The wine was making me maudlin, I realized, but I didn't care. For the first time in months, I had nowhere to be, no one to pretend for. I could sit in my expensive house and drink expensive wine and feel sorry for myself without judgment.
I thought about my marriage to Dante, about the laughter I'd heard when I'd caught him with my sister. The humiliation had been crushing, but at least it had been clean. He'd betrayed me, yes, but our marriage had been real. The divorce had been final. There had been closure.
This was messier, more complicated. Grey hadn't betrayed me intentionally, but the result was the same—I was in love with a man I couldn't have. Again.
The wine bottle was nearly empty when I finally made my way upstairs to my bedroom. I took a bath, changed into my PJs, and collapsed onto the king-sized bed that suddenly felt far too large and empty.
I must have fallen asleep, because the next thing I knew, sunlight was streaming through the windows and there was a sound coming from downstairs. For a moment, I lay still, wondering if I was imagining it. Then I heard it again—the soft whistle of a kettle, the clink of dishes.
Someone was in my house.
I crept out of bed, my head pounding from the wine and too little sleep. The digital clock on my nightstand read 8:47 AM. I grabbed the baseball bat I kept beside my bed... a precaution my father had insisted on when I'd moved in alone... and made my way carefully down the stairs.
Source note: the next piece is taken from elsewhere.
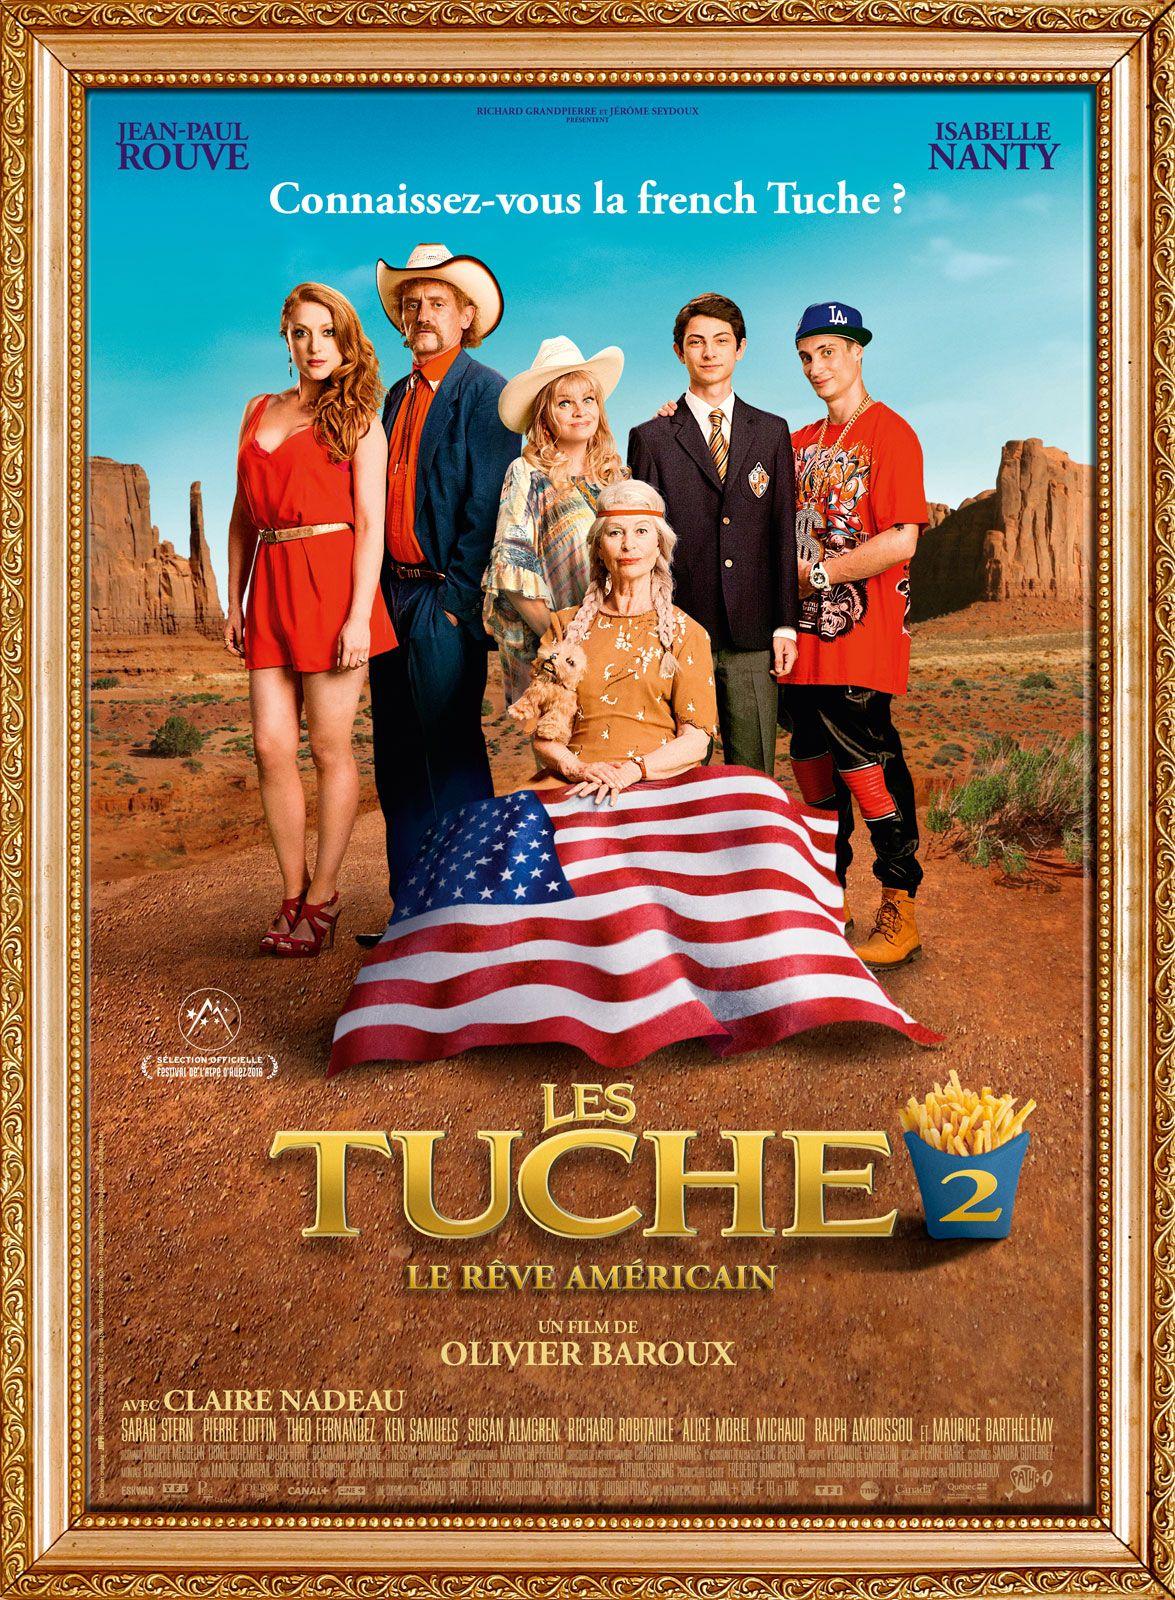 Les Tuche 2 Le Reve Americain Les Tuches Films Complets Film

The sounds were coming from the kitchen. I could smell coffee brewing, hear someone moving around with casual familiarity. A burglar wouldn't be making breakfast, would they?
I peered around the corner, bat raised, and froze.
Greyson O'Malley was standing at my kitchen counter, still wearing his dress shirt from the night before, though he'd rolled up the sleeves and loosened his tie. He was making coffee with the kind of easy competence that suggested he'd done this before, in this kitchen.
"What the hell are you doing in my house?" I demanded, stepping into the kitchen with the bat still raised.
He turned, and I saw that he looked as rough as I felt—stubble covering his jaw, his hair disheveled, dark circles under his blue eyes. "Good morning to you too," he said mildly. "Coffee?"
"I'm serious, Grey. How did you get in here?"
He held up a familiar set of keys—my keys, the ones I'd forgotten were still in my purse. "You dropped these getting into the taxi last night. I may have borrowed them."
"That's breaking and entering."
"Is it? I have a key." He poured coffee into two mugs, adding cream to one the way I liked it. "Besides, I slept on your couch. Hardly the behavior of a criminal mastermind."
I lowered the bat, more confused than angry now. "You slept on my couch? All night?"
"I got here around midnight. You'd already gone to bed, and I didn't want to wake you. Figured we could talk in the morning when we'd both had time to process everything."
He handed me the coffee, and I took it automatically, our fingers brushing in the exchange. The touch sent a familiar jolt through me, and I stepped back quickly.
"There's nothing to process," I said. "You're married, Grey. End of story."
"To a woman who faked her own death and abandoned me," he pointed out. "I think that changes the moral maths a bit."
"Not the legal one." I took a sip of the coffee, grateful for the caffeine. "Morally, ethically, emotionally—you're free. I get that. But legally? You're still bound to her."